К несчастью, эта точка зрения имеет свою ахиллесову пяту: она вовсе не задается вопросом о том, кем и как будет, в конце концов, созвано Учредительное Собрание?

Мы вовсе не хотим этим сказать, что точка зрения съезда журналистов качественно выше. Нет! Но она дает исчерпывающий ответ в тех ограниченных рамках, в каких она ставит вопрос. Недостаток приведенных нами более радикальных решений не в том, что они слишком радикальны, а в том, что они недостаточно радикальны. Они останавливаются на полпути. Сейчас станет ясно, что мы хотим этим сказать.

Политическая мысль широких общественных кругов не развивается чисто логически, изнутри себя, по системе учебников государственного права. Она толкается вперед, назад, в сторону тем материальным процессом общественного развития, который она обслуживает. Конечно, политическая мысль, как и всякая иная, имеет свою логику. Но движущей силой политики отнюдь не является формальный силлогизм. Наоборот. Политическое мышление любой общественной группы, как и всякая вообще форма социальной идеологии, чрезвычайно косно. Оно по доброй воле никогда не гоняется за стройностью, систематичностью и законченностью. Во всяком случае, оно ради них не ударит палец о палец. При первом удобном случае оно без сожаления откажется от выводов из признанных им посылок, если только его не толкает вперед неудовлетворенный голос командующего им классового интереса или настойчивое внешнее давление какой-нибудь общественной силы. Это общее соображение прекрасно подкрепляется приведенными выше фактами из развития политической идеологии у русской интеллигенции за несколько месяцев последнего года.

Непорядки русской жизни ни для кого не были секретом и до последнего оппозиционного подъема.

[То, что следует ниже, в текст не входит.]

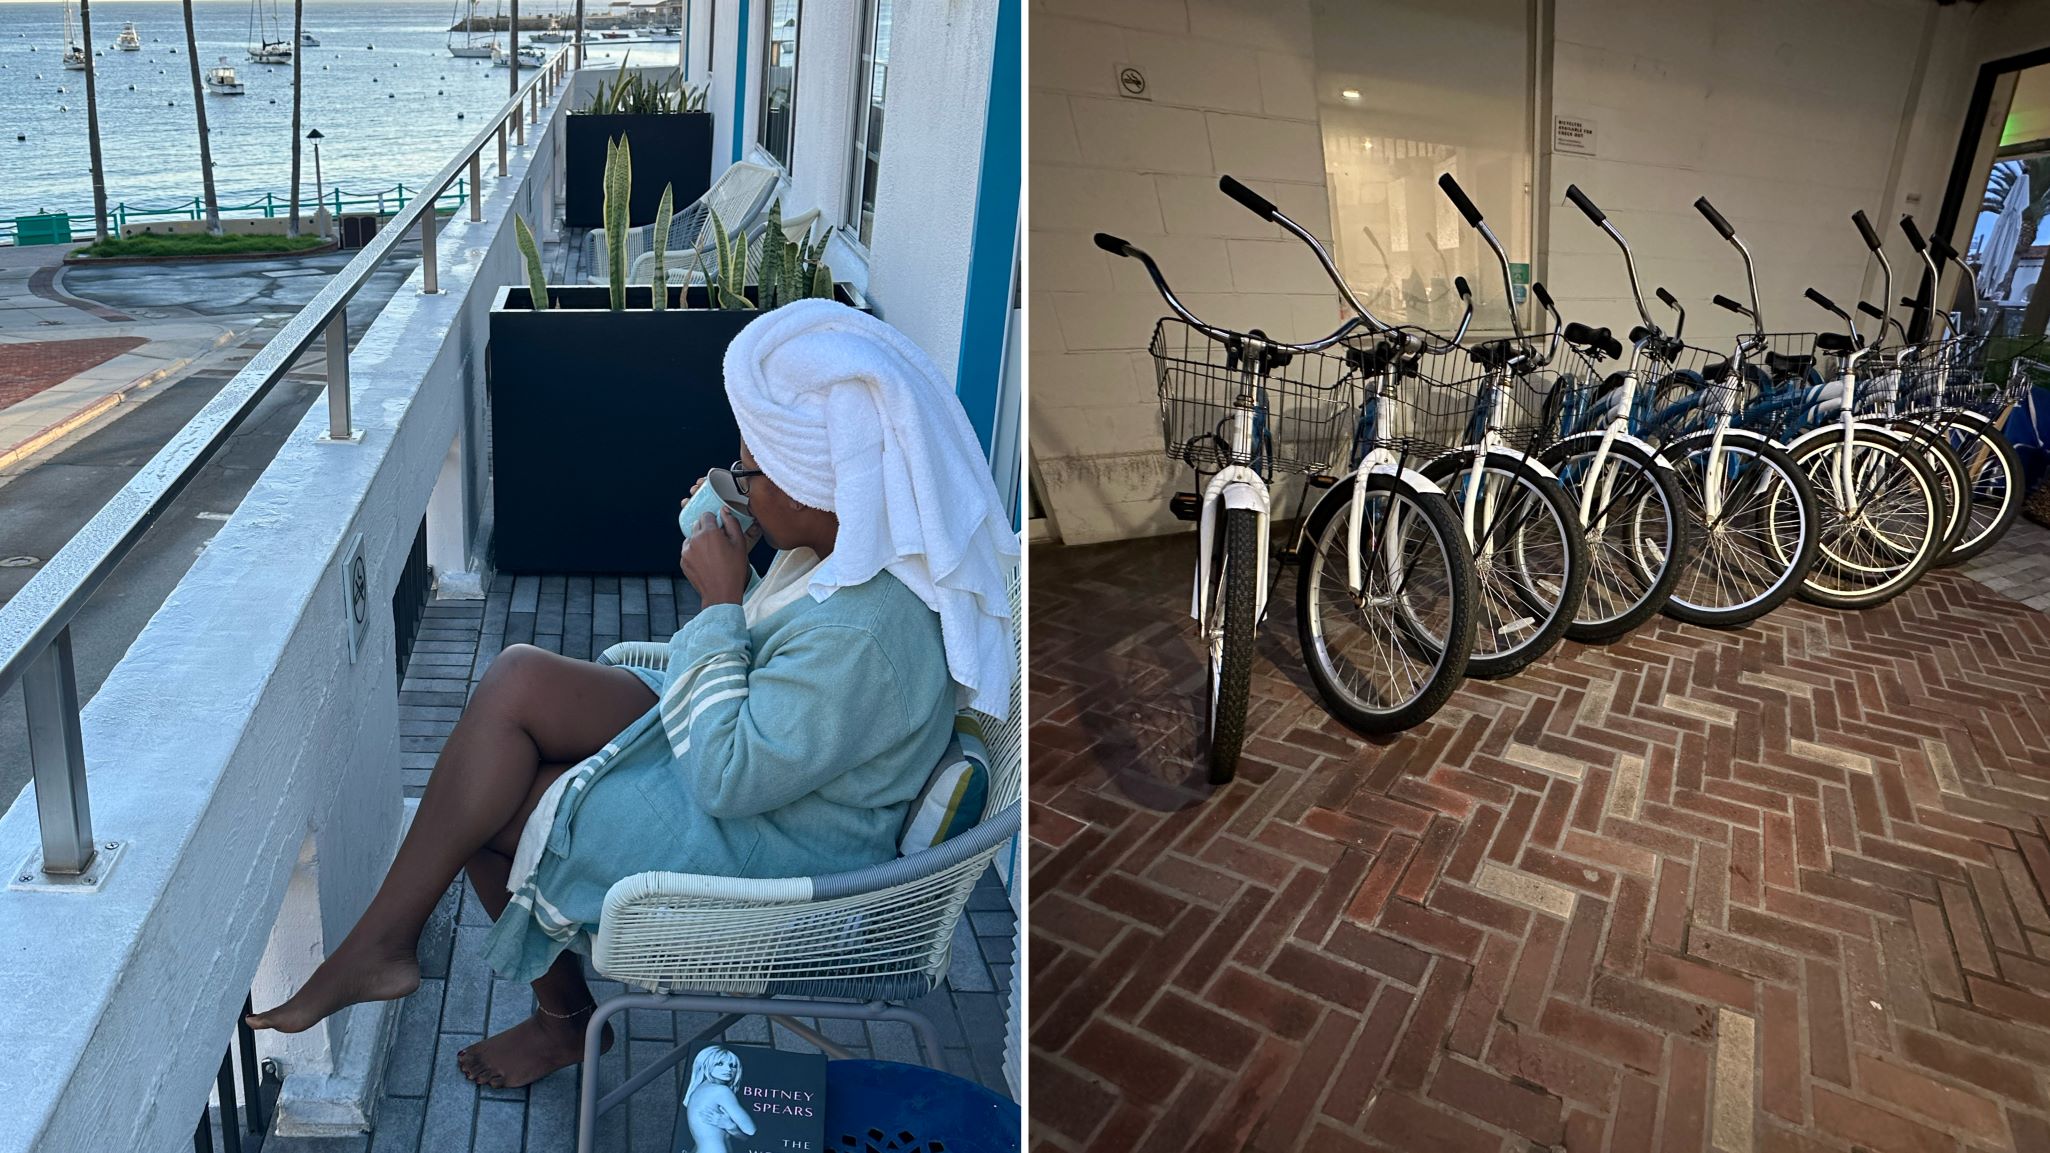 An image of Ariel sipping coffee on the balcony of the Bellanca Hotel, next to a photo of the complimentary bikes.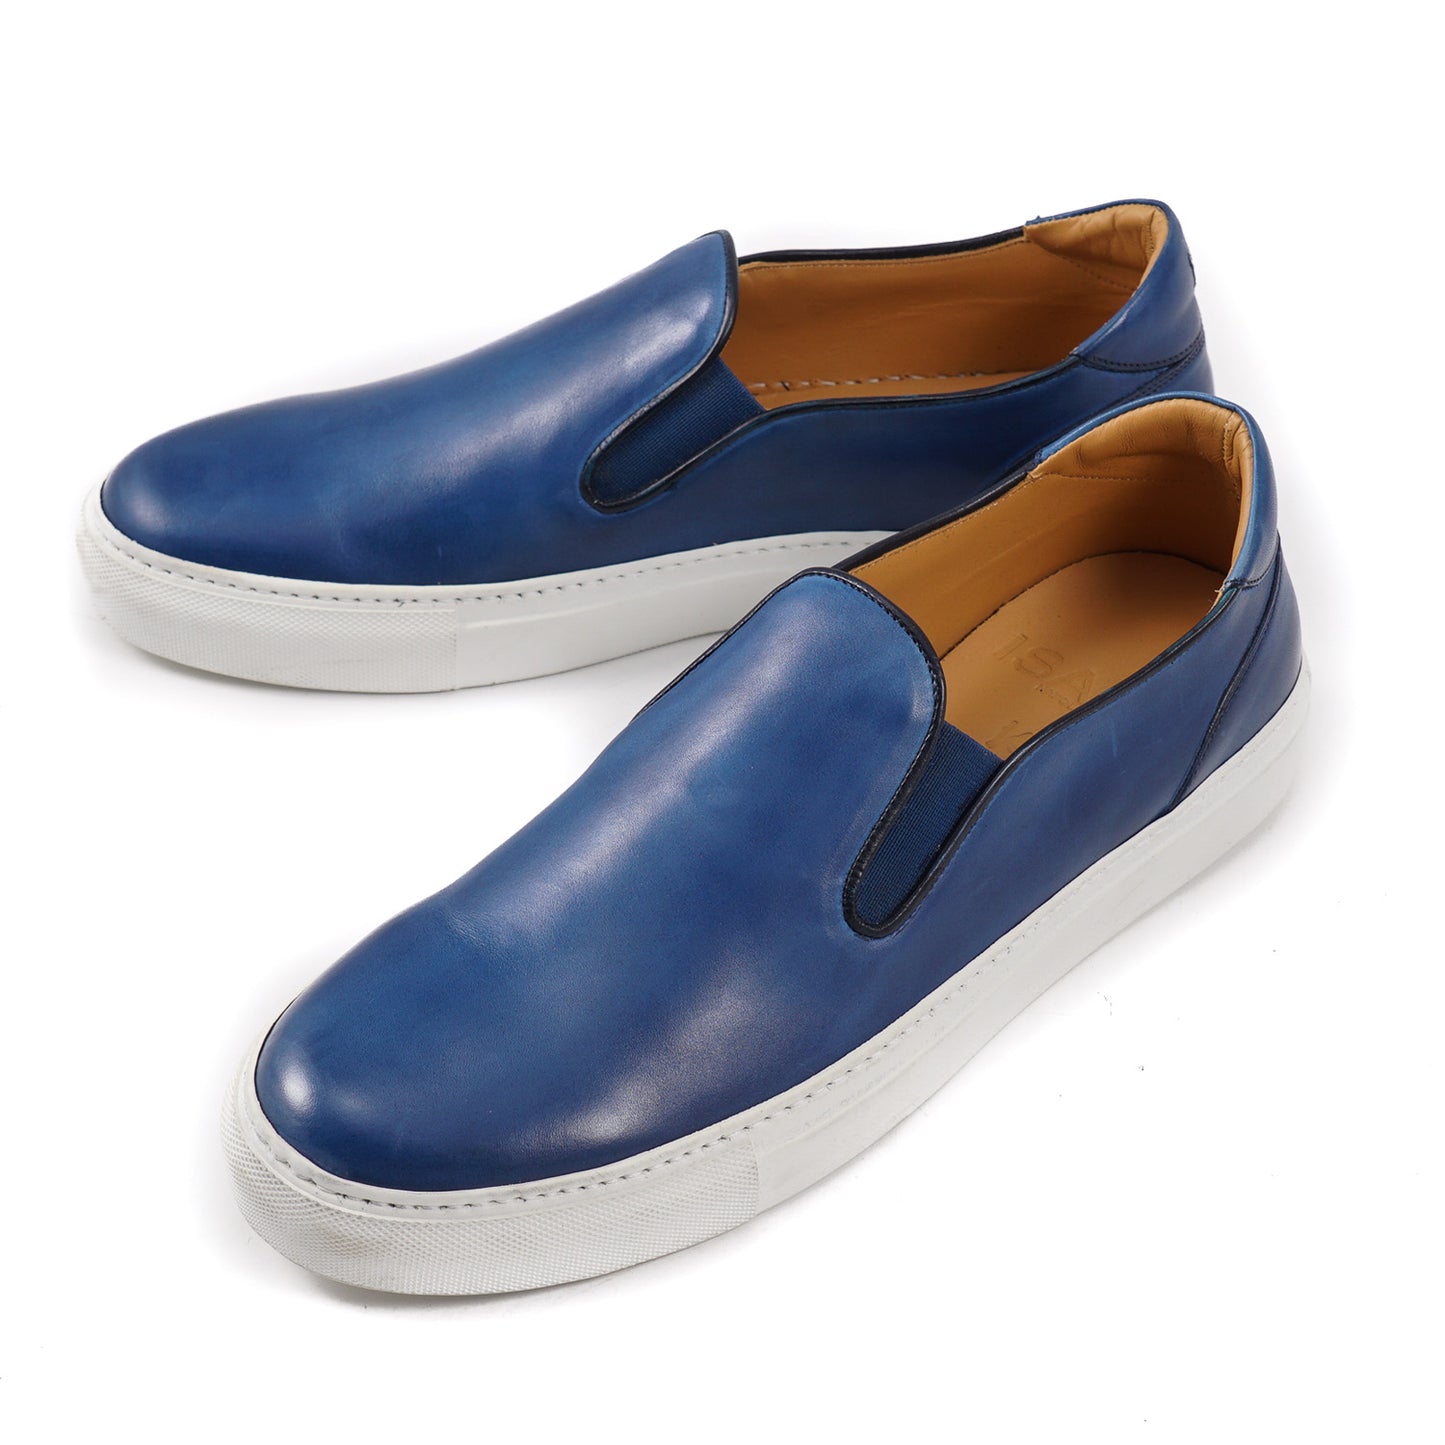 Isaia Slip-On Calf Leather Sneakers - Top Shelf Apparel

Но нужна была русско-японская война, колоссальное практическое испытание кровью и железом всех сторон государственного распорядка, чтобы двинуть общественное сознание от будничного брюзжания против частных неустройств к обобщенному отрицанию целого режима.

Нужно было адское сопротивление бюрократии, готовой отстаивать свои позиции до конца, чтобы требование государственной реформы рассталось с идеей определенного "соучастия" народных представителей, наряду с всевластной бюрократией, и подошло к идее борьбы за обладание государственной властью. Нужно было потрясающее январское выступление пролетариата, т.-е. самой активной части того народа, именем которого оперировала оппозиционная мысль, чтобы эта последняя, во-первых, сделала попытку поставить вопрос права на очную ставку с вопросом силы и, во-вторых, связала народное представительство с лозунгом всеобщего избирательного права.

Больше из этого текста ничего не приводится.